Prior to 1988, unbaptized publishers were referred to as "approved associates", "unbaptized associates" or "regularly associating". The terms were discontinued on the basis that meeting attendance on its own does not constitute approval of or commitment to the faith.

===Students===
The term Bible student, sometimes informally referred to as a "Bible study", is generally used by Witnesses to refer to an individual who takes part in their religious study program. The purpose of the Bible study program is for the student to become baptized as a Jehovah's Witness.

Students usually have their study with the same Witness for the duration of the study program, often being the member who first encounters them while preaching. Interested individuals initially contacted by a member of the opposite sex are typically assigned a study conductor of their own gender. A student typically meets with his or her study conductor once each week at the student's home or other suitable location, or via videoconferencing. The study program involves consideration of a Bible-based publication that addresses Jehovah's Witnesses' core beliefs.
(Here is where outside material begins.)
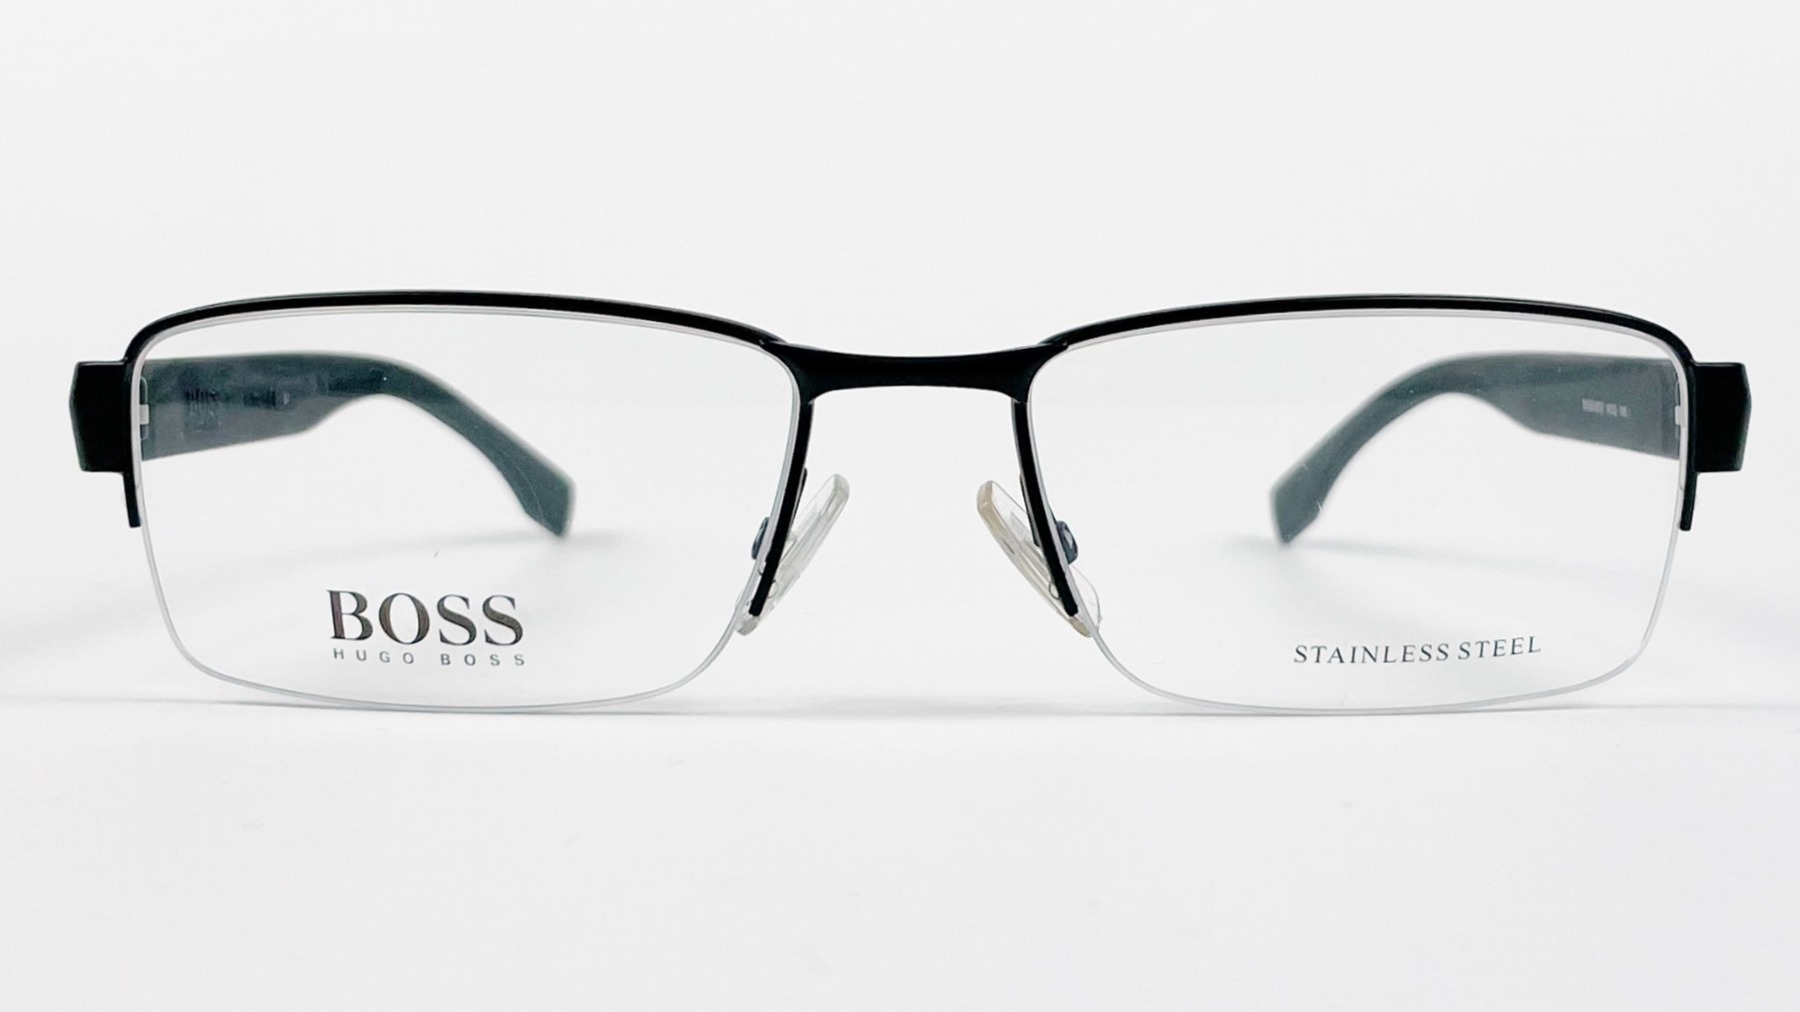 HUGO BOSS 0837 KCQ, Korean glasses, sunglasses, eyeglasses, glasses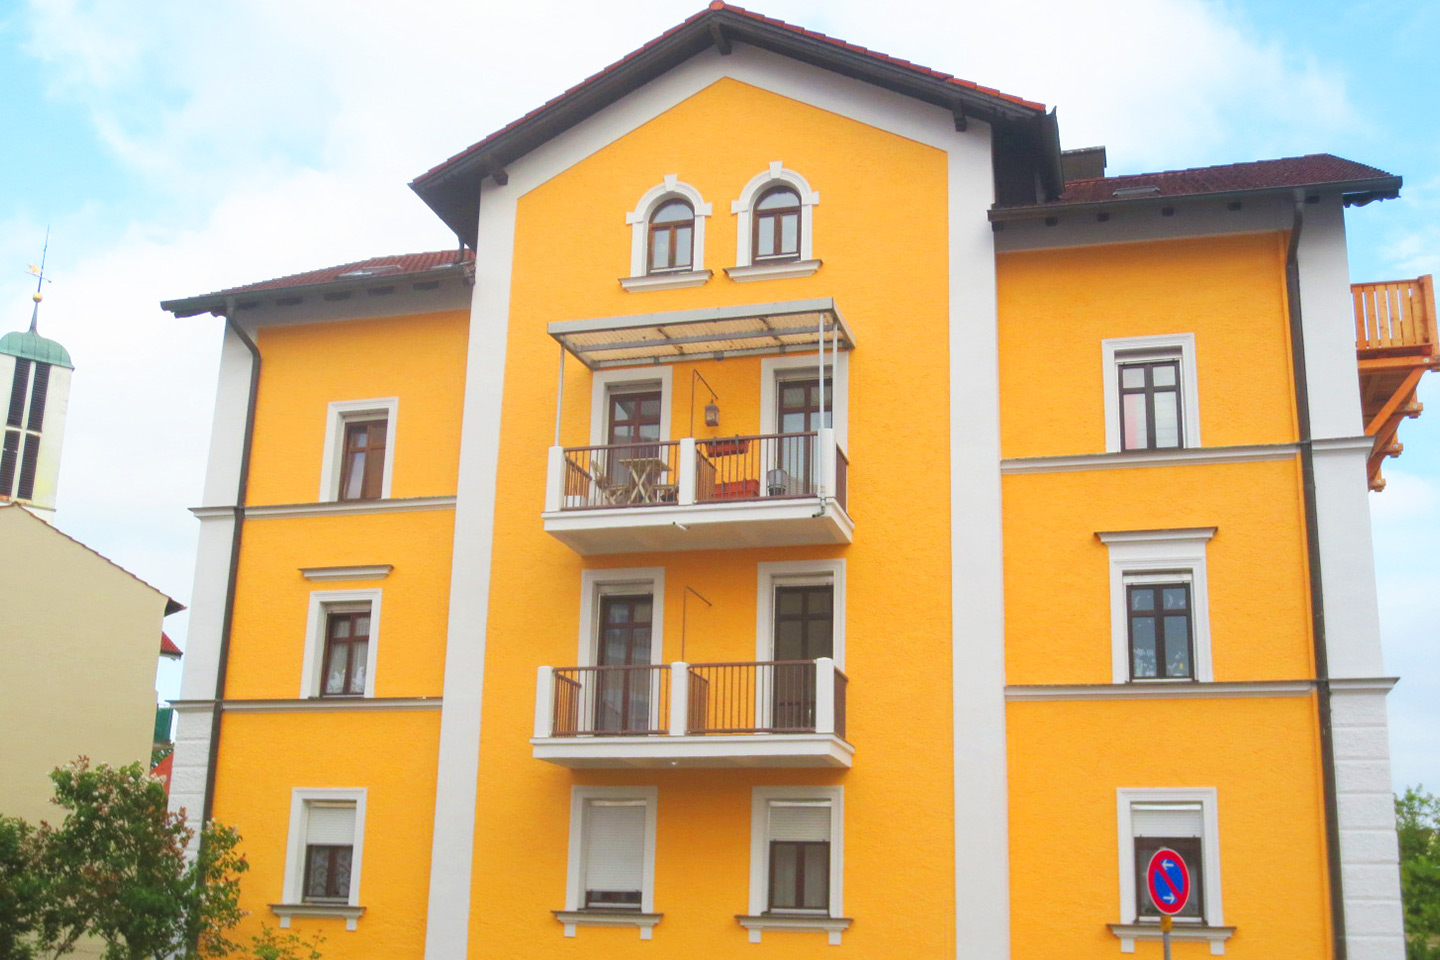 Mehrfamilienhaus gelb

Each paragraph is read aloud by the conductor or student, and the student answers pre-printed questions from the material in the paragraph. Students are encouraged to look up cited scriptures in the Bible and include them in their responses. Each Bible study is typically conducted with an individual or family, though in some cases many people may take part. Students are invited to attend and even comment at congregation meetings. Students may also attend reading-improvement or literacy classes in congregations where these additional courses are held.

===Associates===
Individuals who attend meetings of Jehovah's Witnesses but are not involved in preaching are occasionally referred to in Watch Tower Society publications as "associates" or as being "associated with the congregation". Attendance figures for Witness events include "Jehovah's Witnesses and associates"; such statistics may be cited for comparison of Witness numbers with membership figures of other denominations, but only those sharing in their ministry are counted by Jehovah's Witnesses when reporting their official statistics.

Unbaptized individuals who attend meetings of Jehovah's Witnesses are not subject to congregation discipline, though elders may privately warn members of the congregation about individuals considered to constitute "an unusual threat to the flock."